%%
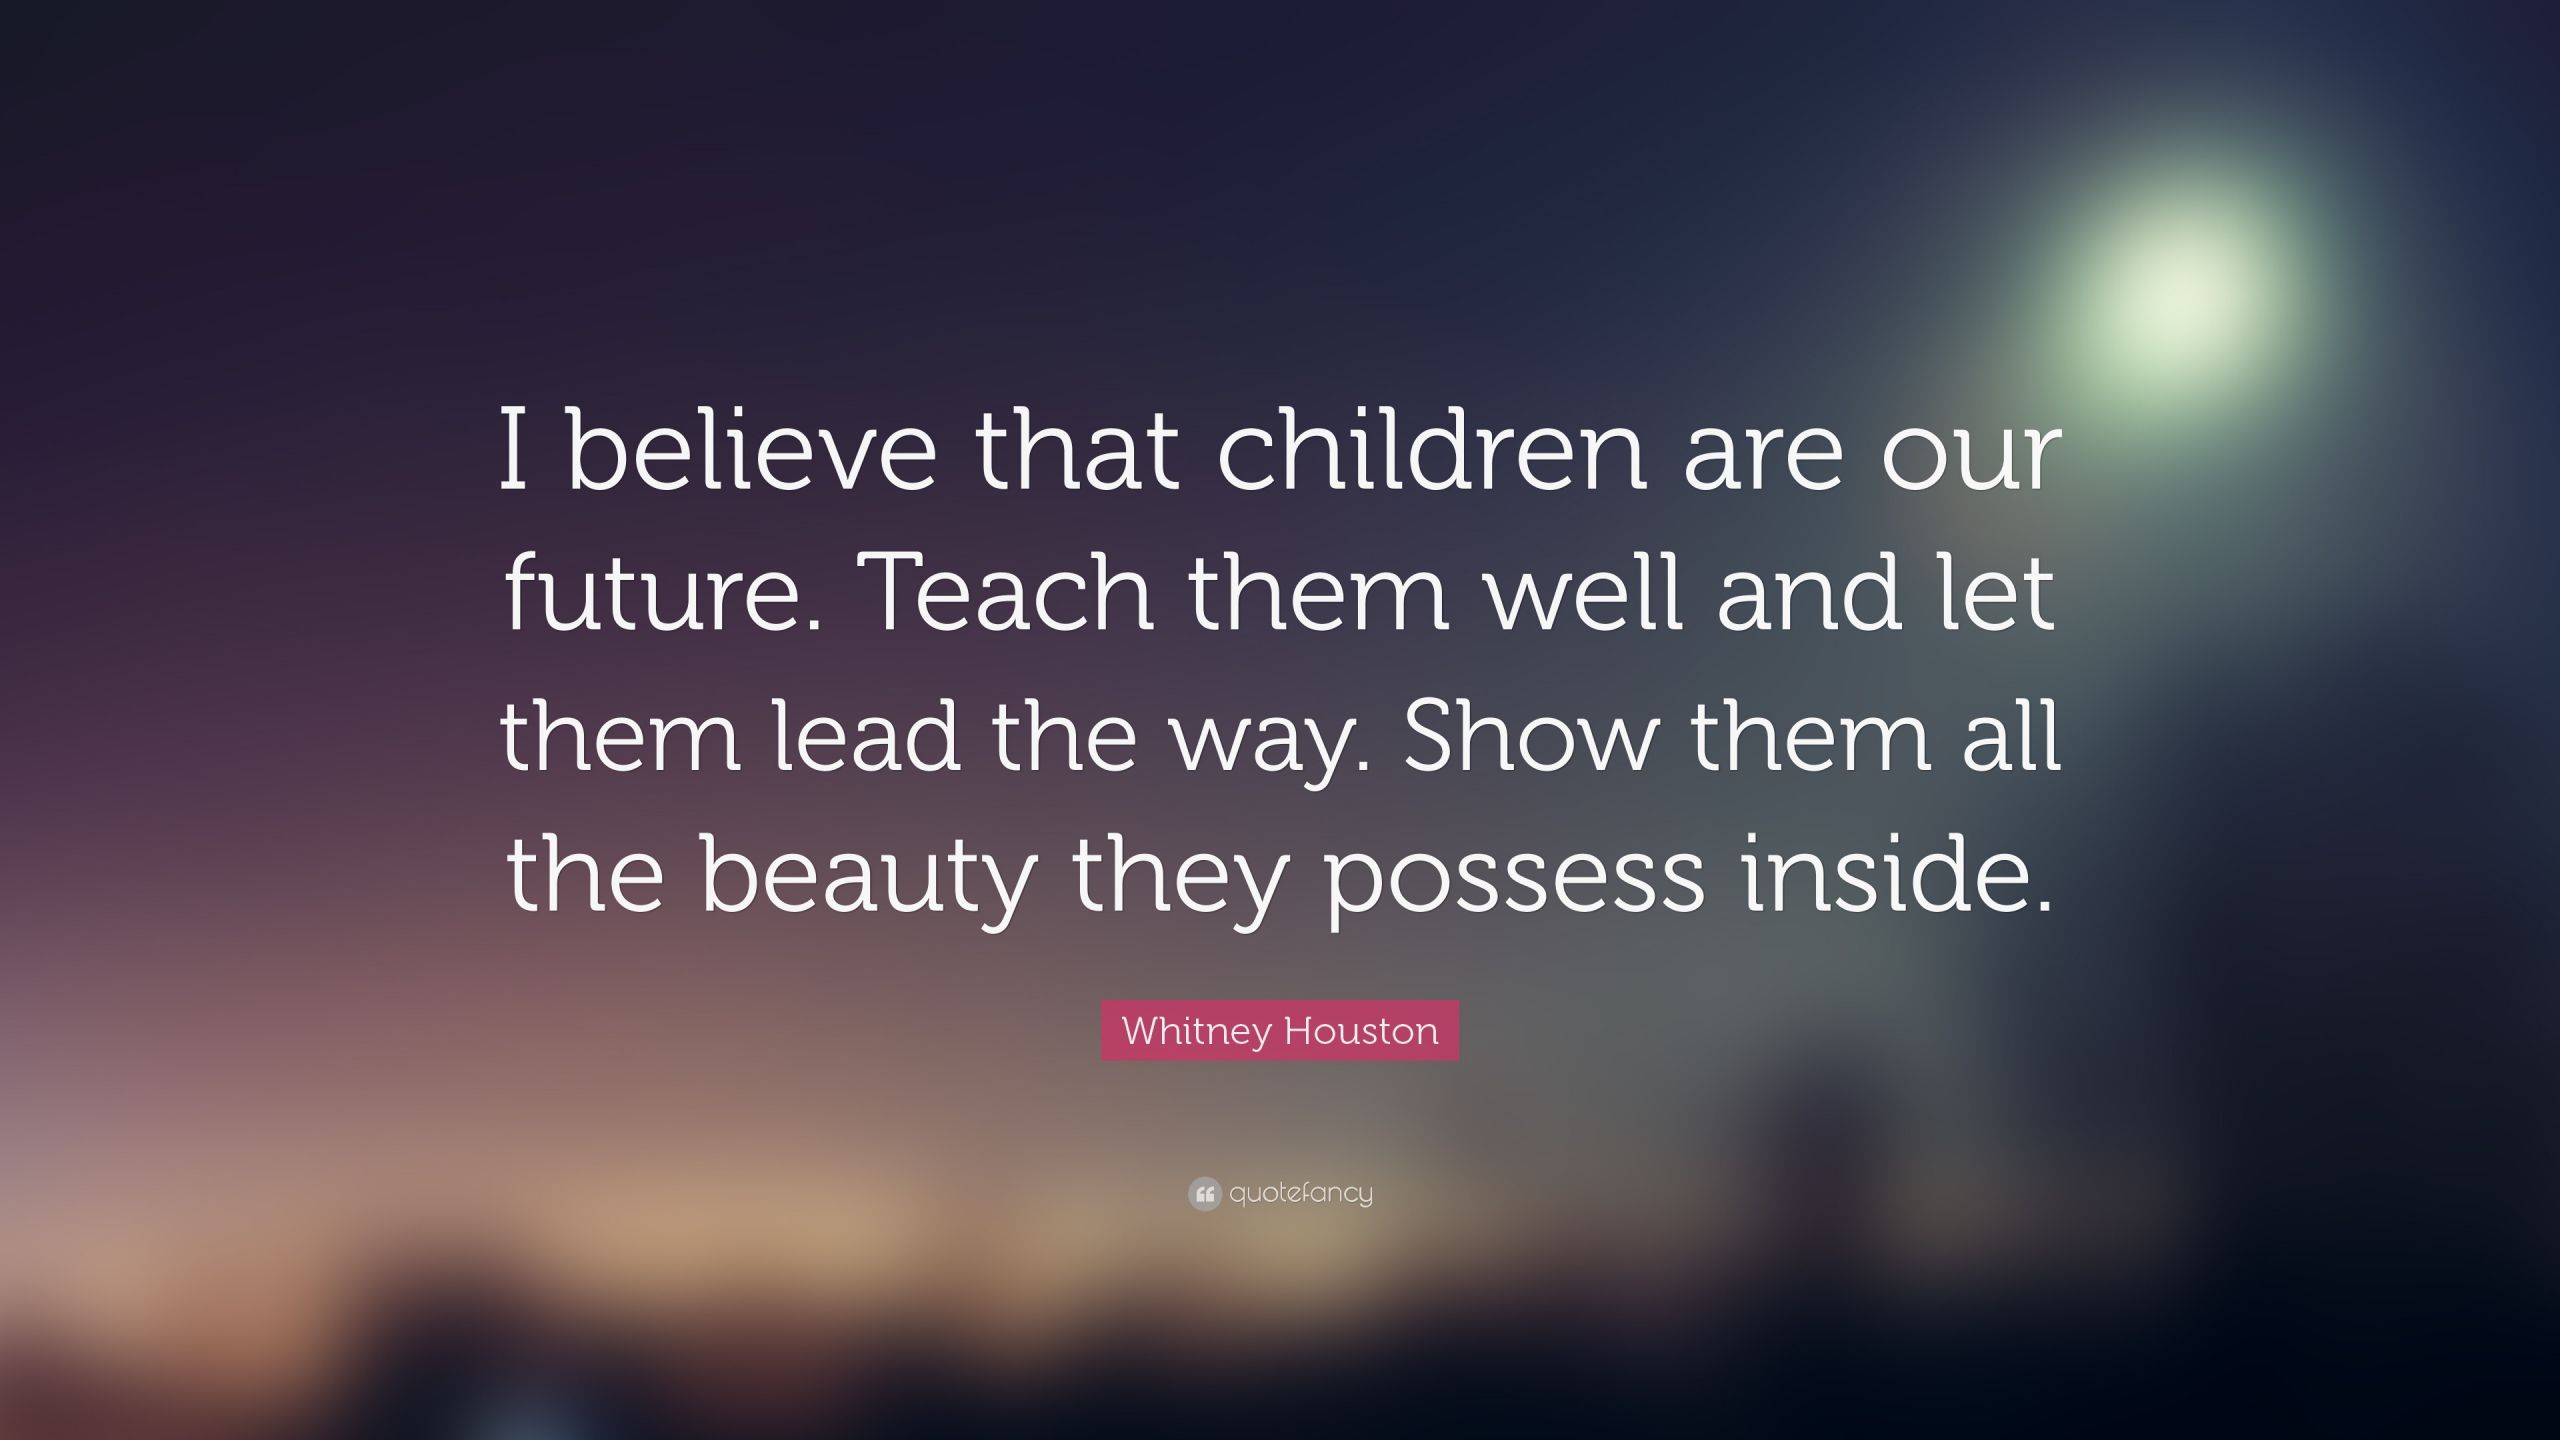 Children Are Our Future Quotes
 Whitney Houston Quote “I believe that children are our
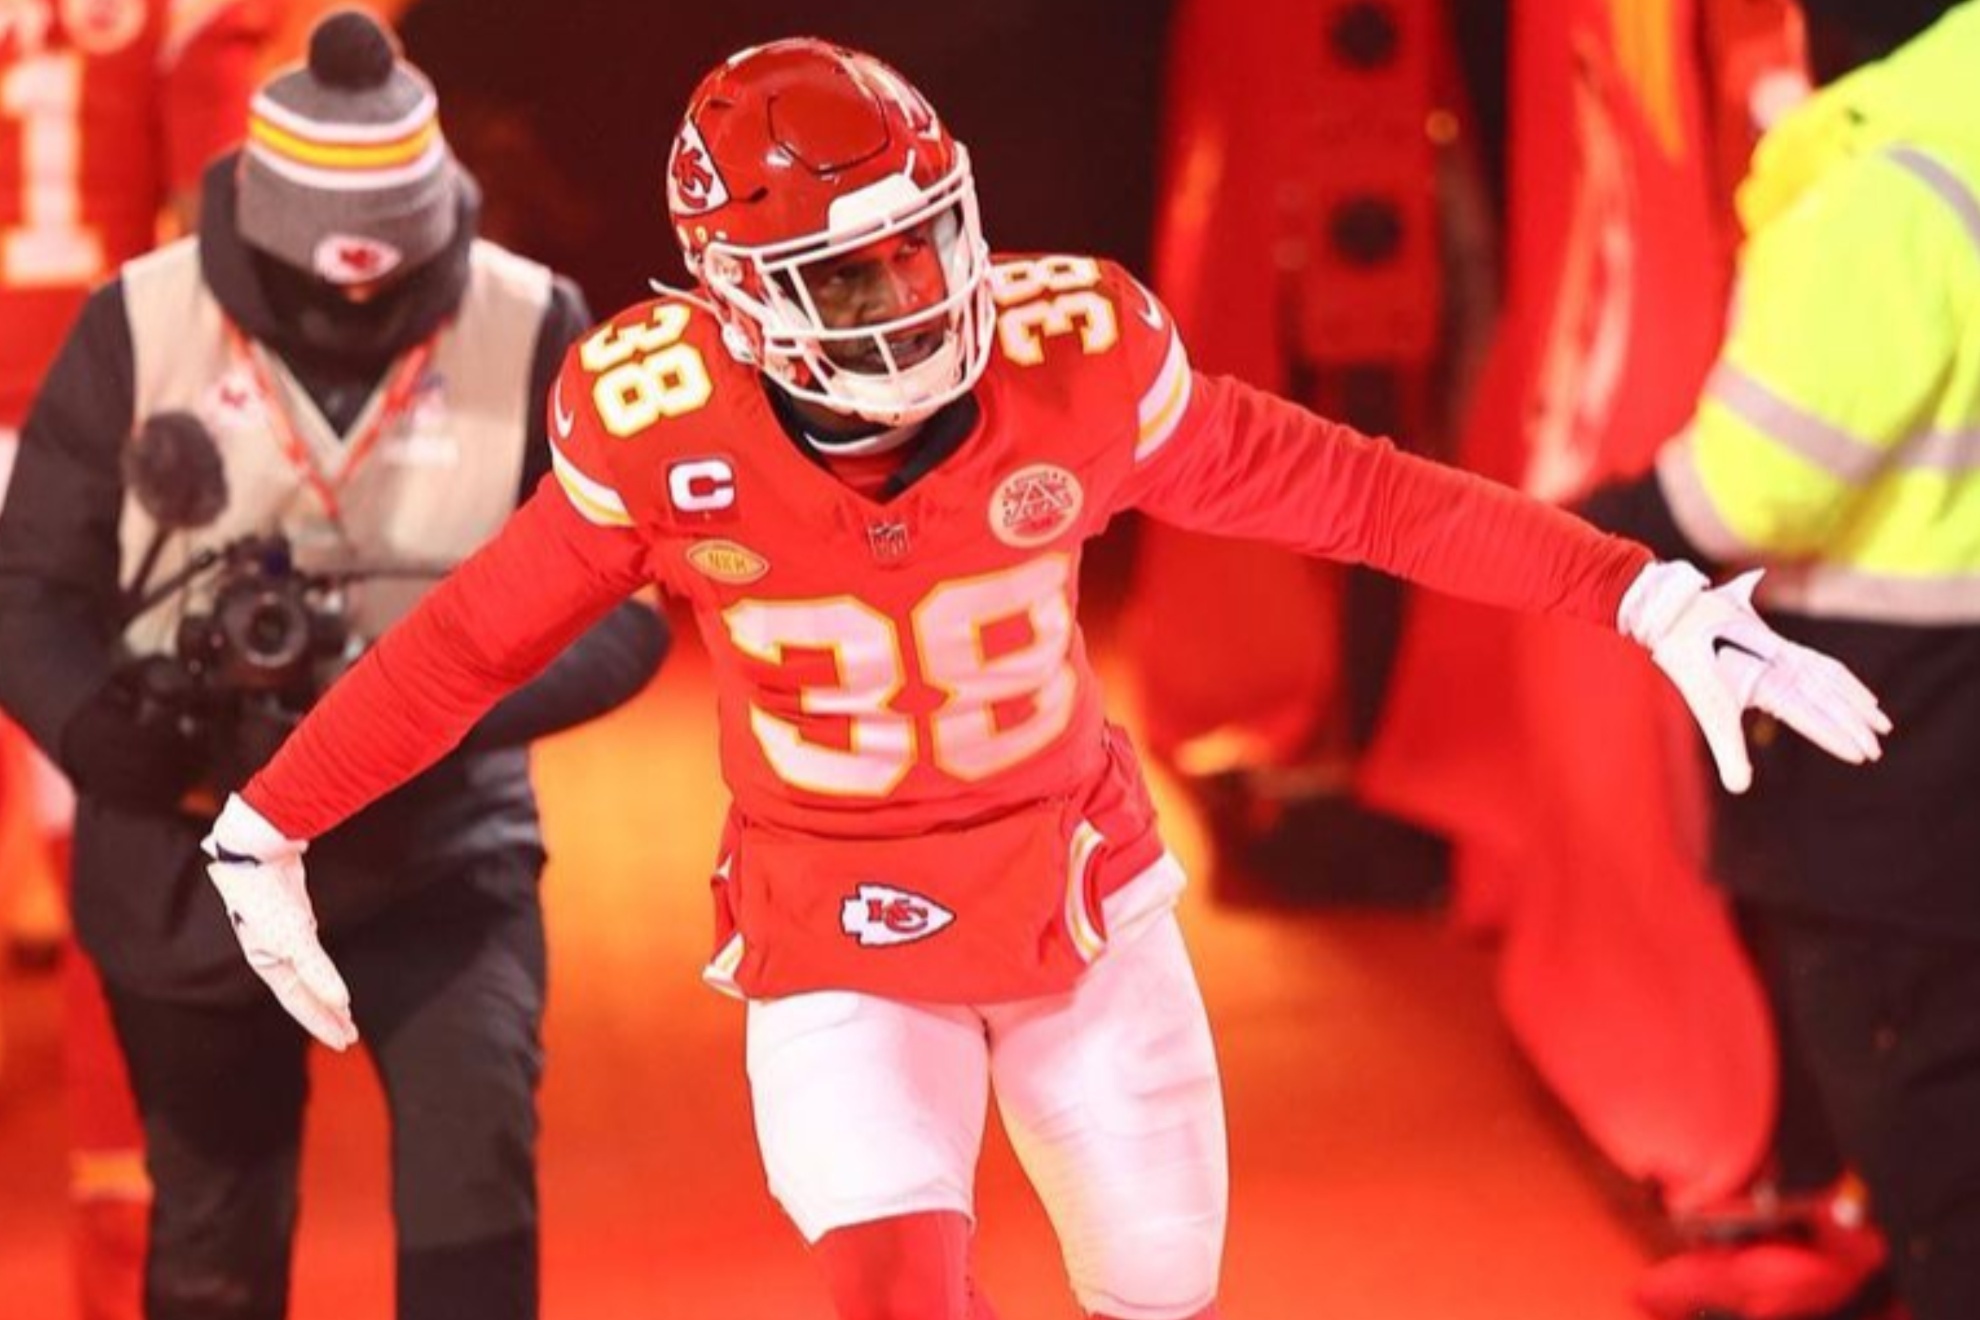 The Search for Sneed's Successor: Top 5 Cornerback Targets for the Kansas City Chiefs
%%
**BRIEF**
Write the material above out again exactly. Omit every image.

**WORKED SOLUTION**
 Children Are Our Future Quotes
 Whitney Houston Quote “I believe that children are our
 The Search for Sneed's Successor: Top 5 Cornerback Targets for the Kansas City Chiefs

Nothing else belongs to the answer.